PROBLEM DESCRIPTION: What should come back is the data below, word for word, minus any picture.

COLLECTED DATA:

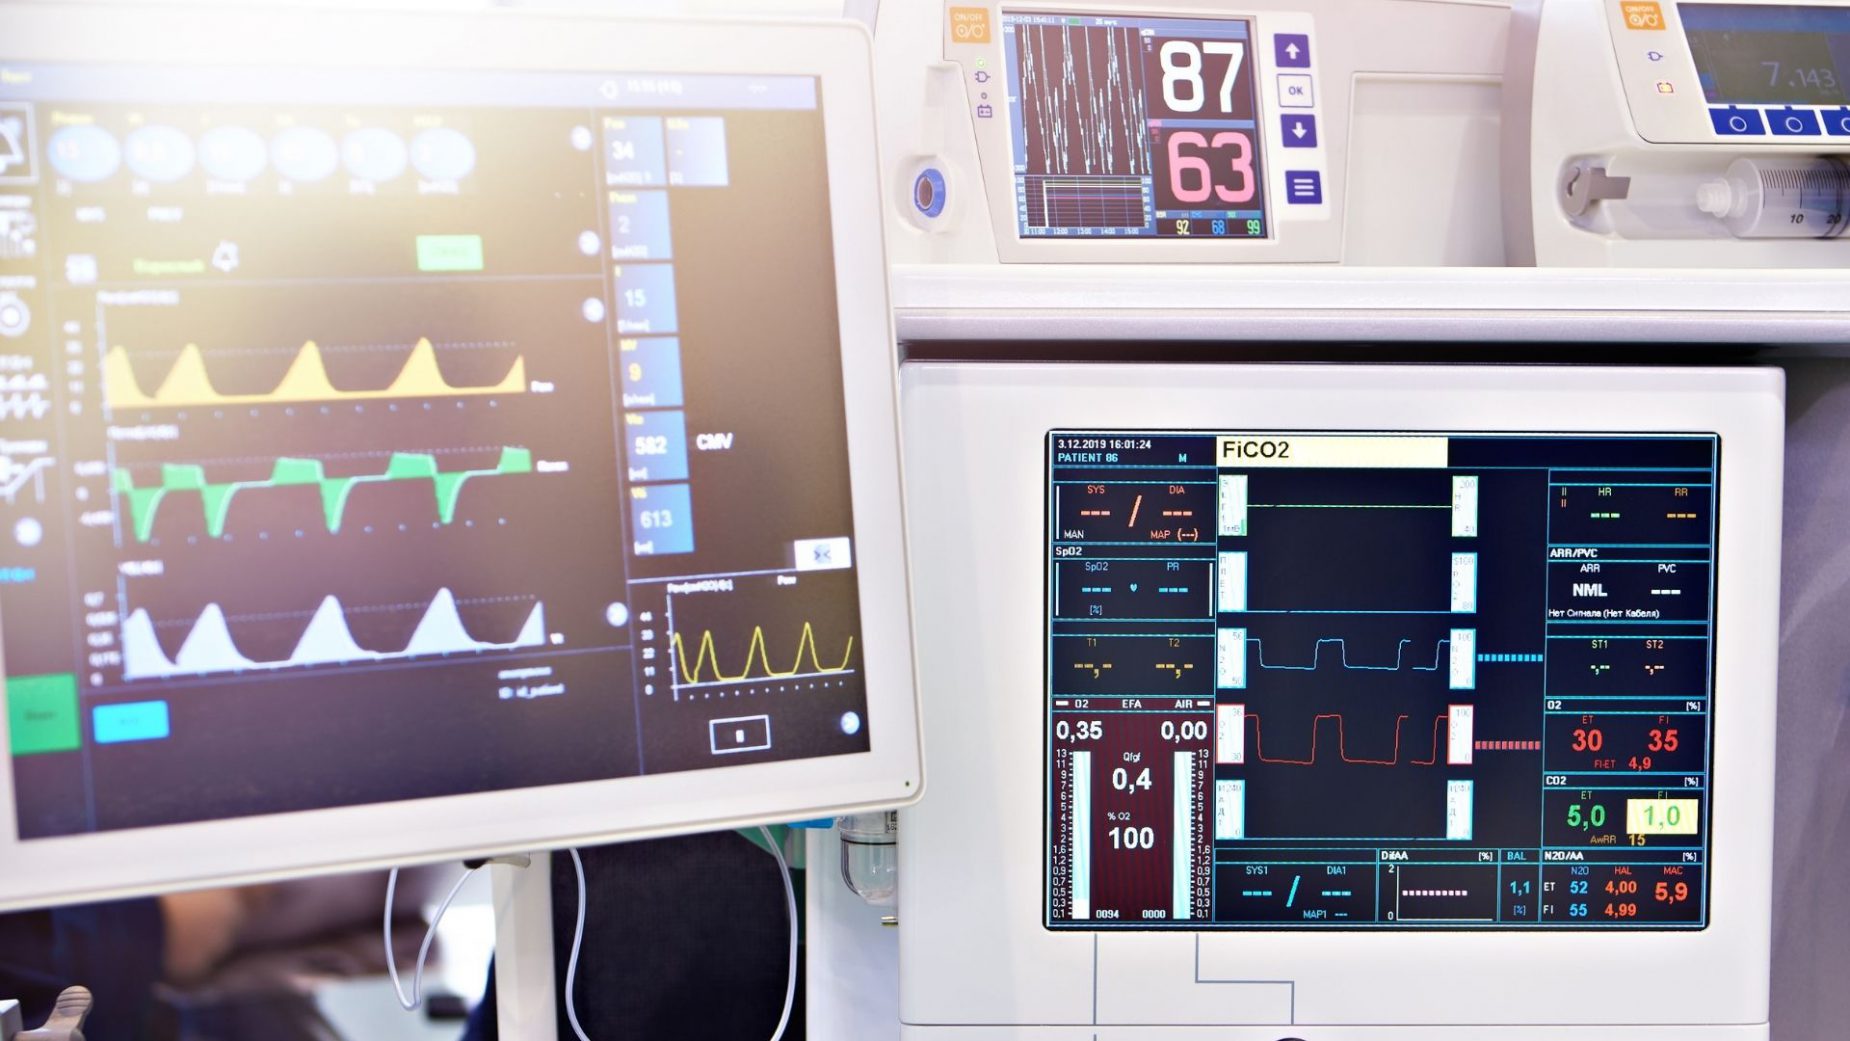 Remote Patient Monitoring Devices And Equipment Market
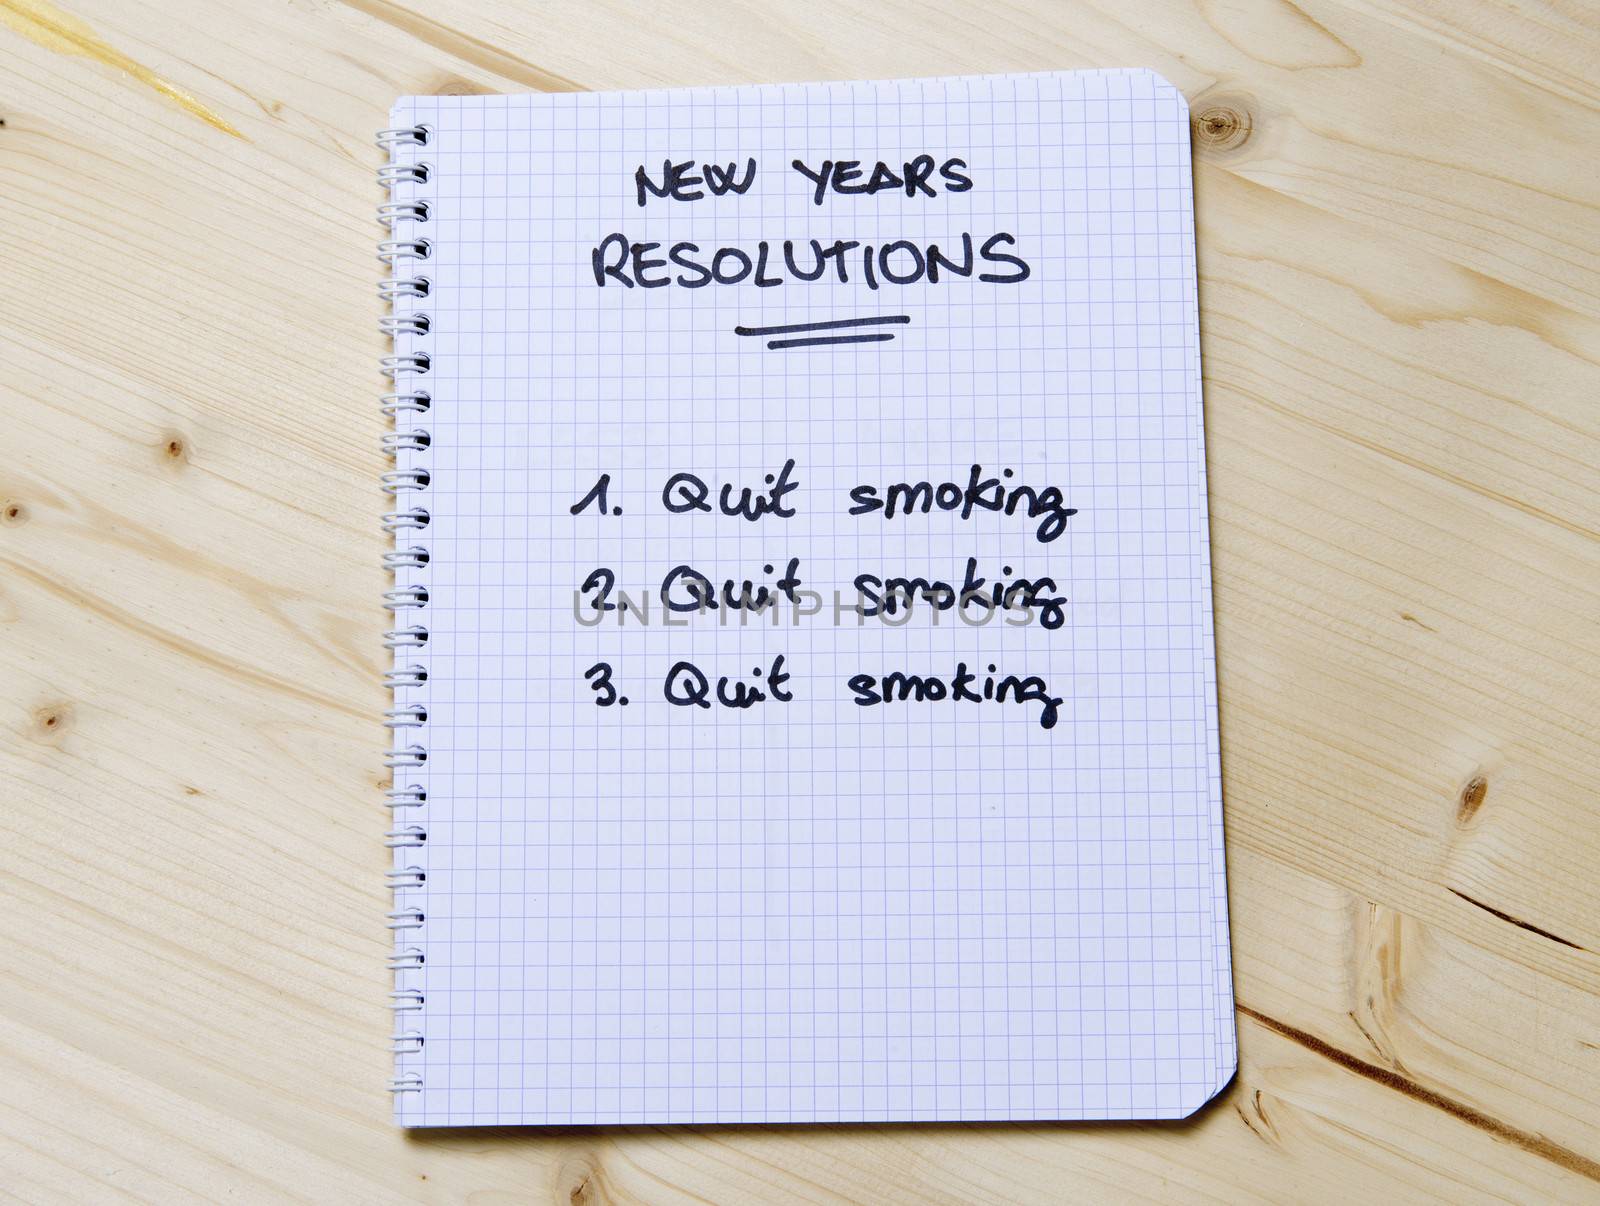 New Years Resolution list of a smoker
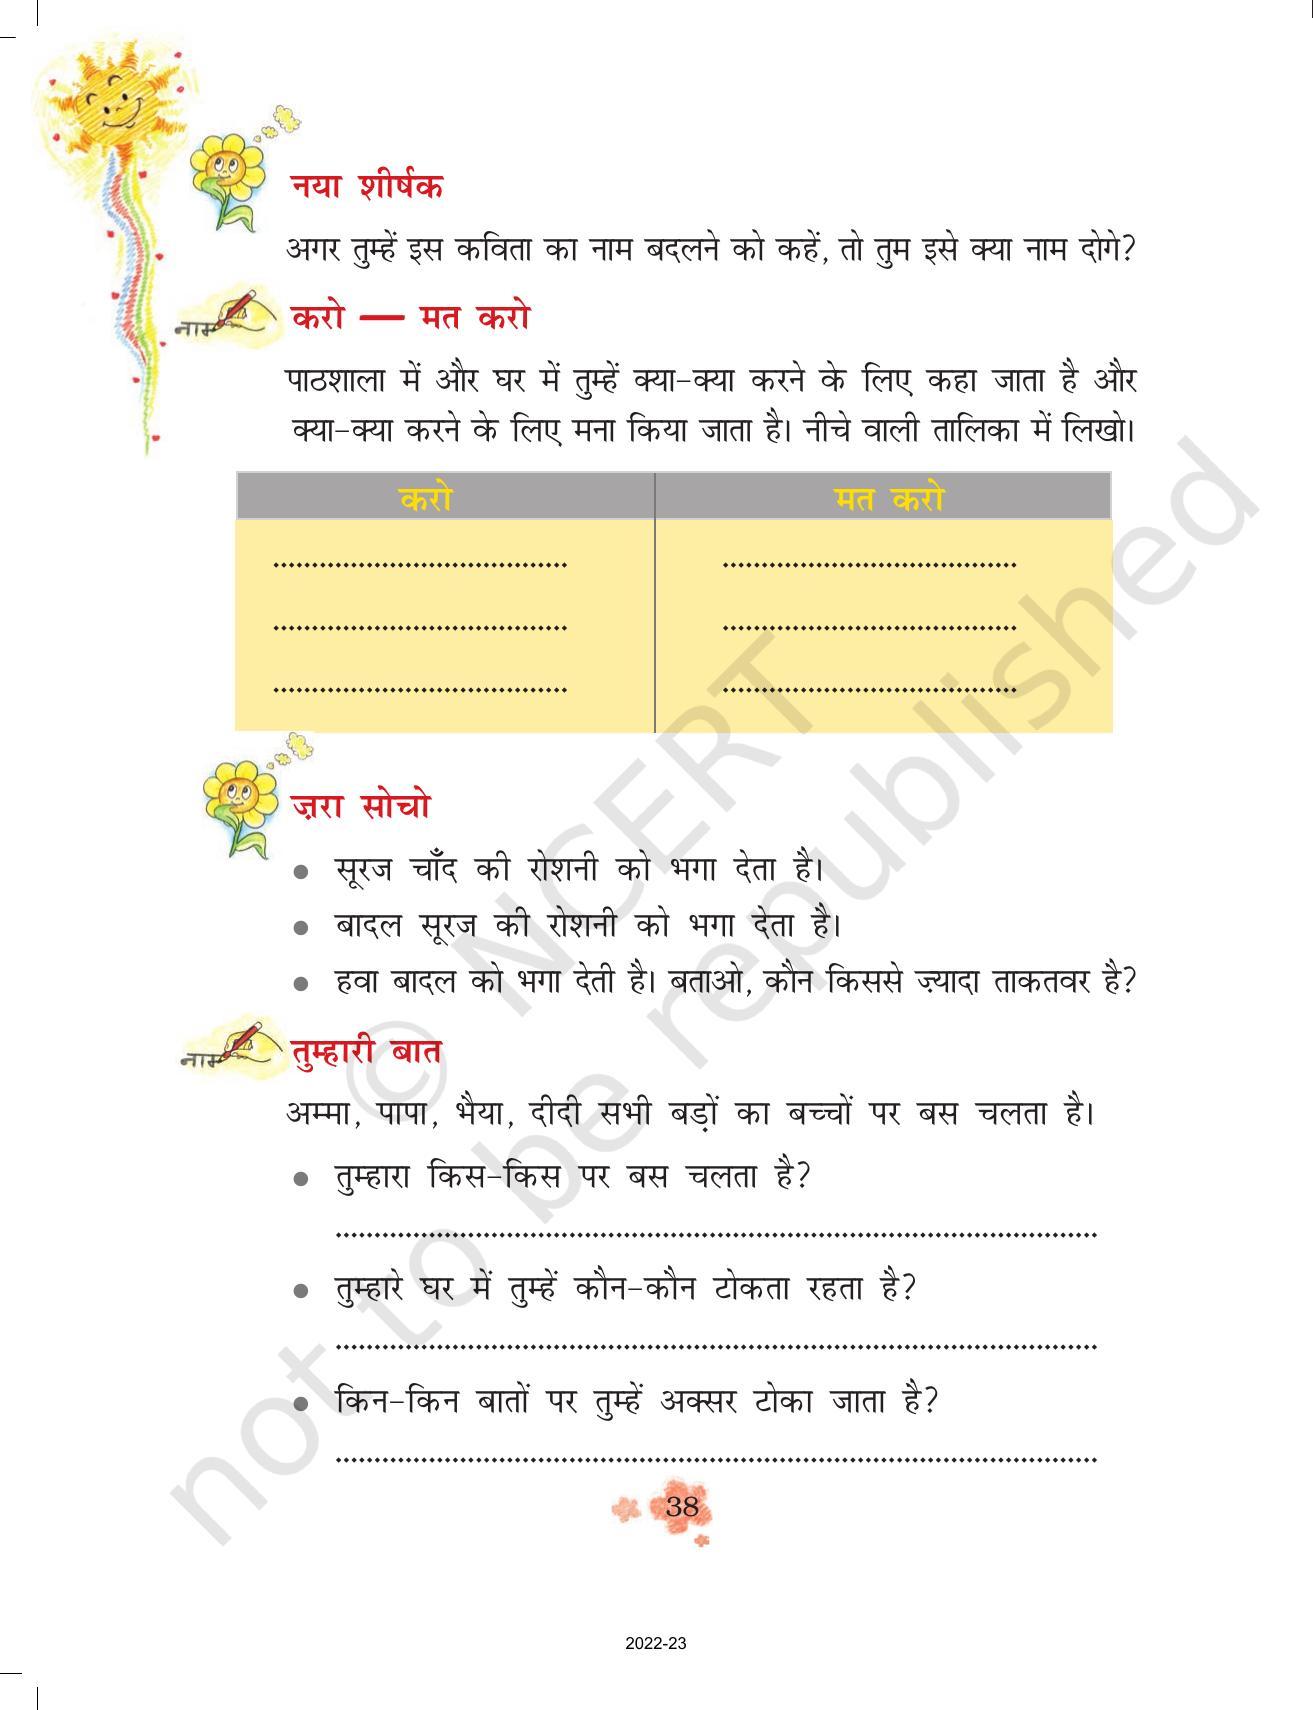 NCERT Book for Class 3 Hindi Chapter 5-हमसे सब कहते - Page 3

ANSWER TO THE EXERCISE:
 Remote Patient Monitoring Devices And Equipment Market
 New Years Resolution list of a smoker
 NCERT Book for Class 3 Hindi Chapter 5-हमसे सब कहते - Page 3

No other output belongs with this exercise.